Effectiveness of zero tolerance policies
After much of the violence and deaths at school campuses across the nation, school boards began enacting zero tolerance policies for things such as weapons on school grounds. While this sounds reasonable on its surface, it has become an escape for teachers and administrators allowing them to not make a tough decision. They simply point to the policy and apply a one-size-fits-all brand of justice.
While everyone should be treated fairly, that does not mean that every student accused of bringing a weapon to school deserves to be punished equally.
Take a recent case in Georgia where two girls were suspended for 10 days because of a butter knife. The even more amazing thing is they didn’t even bring the butter knife to school.
The two girls, Ashley Pickens and Candace Grier, brought a cake to school to celebrate their impending graduation. Knowing that they could not bring a knife on campus, the two honor roll students decided to bring the cake without a knife and look for something to cut it with at school.
They found something similar to a butter knife in the school’s band room. After the cake was cut, the girls cleaned off the knife and went to put it back in the band room where they found it. The band room was locked so the girls had to put the knife in their backpack.

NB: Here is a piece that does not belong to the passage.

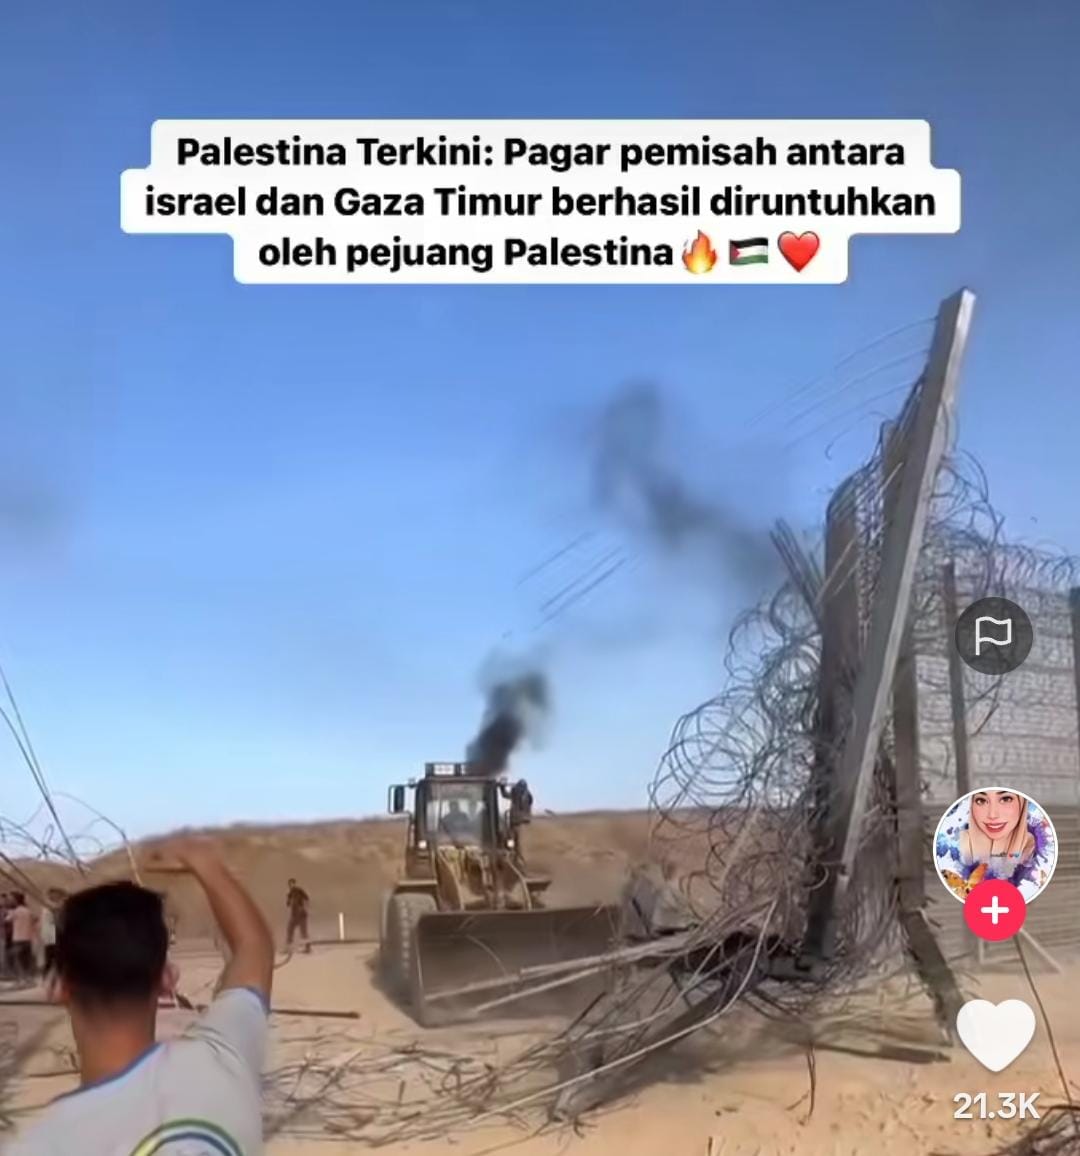 Palestina Terkini, 17 Tahun Menunggu, Akhirnya Pagar Pemisah Gaza Timur dan Israel Diruntuhkan Pejuang HAMAS

The news report said that teachers saw the two girls with the knife while they were waiting on a ride home. Hopefully, the teachers went and tackled these dangerous fugitives or at least called 911 to have the police come and handcuff them.
Unfortunately, this is a common occurance. At least once a year, we hear a case of good student who is expelled because of something similar.
A Pennsylvania editorial last month contains several cases of the lunacy that zero tolerance policies bring about.
In 1999, A 10-year-old student in California was expelled when she turned in the small cutting knife her mother had placed in her lunchbox to cut her apple.
In Louisiana, a second-grader was expelled for bringing her grandfather’s gold-plated pocket watch to school because the watch had a tiny knife attached.
And three years ago, an 18-year-old National Merit Scholar in Fort Myers, Fla., was suspended and charged with a felony count of possessing a weapon when a kitchen knife was found on the floor of her car while she was in class.
School officials should use the common sense God, well He’s not allowed either, but they can still use common sense to determine that a honor student with a butter knife found in the band room is not the same threat as a troublemaker bringing a loaded gun to school threatening people.
They are paid to make decisions like these, not to pawn them off on unfair abritrary rules.